Dataset records:
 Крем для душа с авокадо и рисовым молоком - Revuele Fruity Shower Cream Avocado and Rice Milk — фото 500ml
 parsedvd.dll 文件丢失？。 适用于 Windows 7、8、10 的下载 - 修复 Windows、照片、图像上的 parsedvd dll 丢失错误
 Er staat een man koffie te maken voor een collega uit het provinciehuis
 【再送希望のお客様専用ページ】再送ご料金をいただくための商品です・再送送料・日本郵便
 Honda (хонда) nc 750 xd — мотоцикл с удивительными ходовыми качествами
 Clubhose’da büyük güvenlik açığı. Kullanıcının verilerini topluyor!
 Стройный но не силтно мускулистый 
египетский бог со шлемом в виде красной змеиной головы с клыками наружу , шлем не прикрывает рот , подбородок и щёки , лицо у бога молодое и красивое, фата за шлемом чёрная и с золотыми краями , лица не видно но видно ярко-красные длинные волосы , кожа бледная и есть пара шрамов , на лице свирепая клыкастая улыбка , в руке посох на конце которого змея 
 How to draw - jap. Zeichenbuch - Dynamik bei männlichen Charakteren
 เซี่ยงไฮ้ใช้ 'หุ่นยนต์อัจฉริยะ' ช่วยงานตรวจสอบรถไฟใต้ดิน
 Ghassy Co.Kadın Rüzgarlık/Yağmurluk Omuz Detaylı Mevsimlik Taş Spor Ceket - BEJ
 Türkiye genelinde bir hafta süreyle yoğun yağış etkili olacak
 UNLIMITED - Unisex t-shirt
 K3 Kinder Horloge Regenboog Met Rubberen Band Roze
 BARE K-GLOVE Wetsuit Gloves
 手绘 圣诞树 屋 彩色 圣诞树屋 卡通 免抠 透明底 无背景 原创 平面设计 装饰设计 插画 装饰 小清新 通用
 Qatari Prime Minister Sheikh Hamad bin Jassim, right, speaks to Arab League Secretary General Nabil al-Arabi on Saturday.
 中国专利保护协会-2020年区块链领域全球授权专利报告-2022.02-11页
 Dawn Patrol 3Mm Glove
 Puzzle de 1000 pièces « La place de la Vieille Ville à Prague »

Exercise instructions:
Only the lines from the one with "K3 Kinder Horloge" to the end of the entries above belong in your answer. Retype them exactly.

Output for this task:
 K3 Kinder Horloge Regenboog Met Rubberen Band Roze
 BARE K-GLOVE Wetsuit Gloves
 手绘 圣诞树 屋 彩色 圣诞树屋 卡通 免抠 透明底 无背景 原创 平面设计 装饰设计 插画 装饰 小清新 通用
 Qatari Prime Minister Sheikh Hamad bin Jassim, right, speaks to Arab League Secretary General Nabil al-Arabi on Saturday.
 中国专利保护协会-2020年区块链领域全球授权专利报告-2022.02-11页
 Dawn Patrol 3Mm Glove
 Puzzle de 1000 pièces « La place de la Vieille Ville à Prague »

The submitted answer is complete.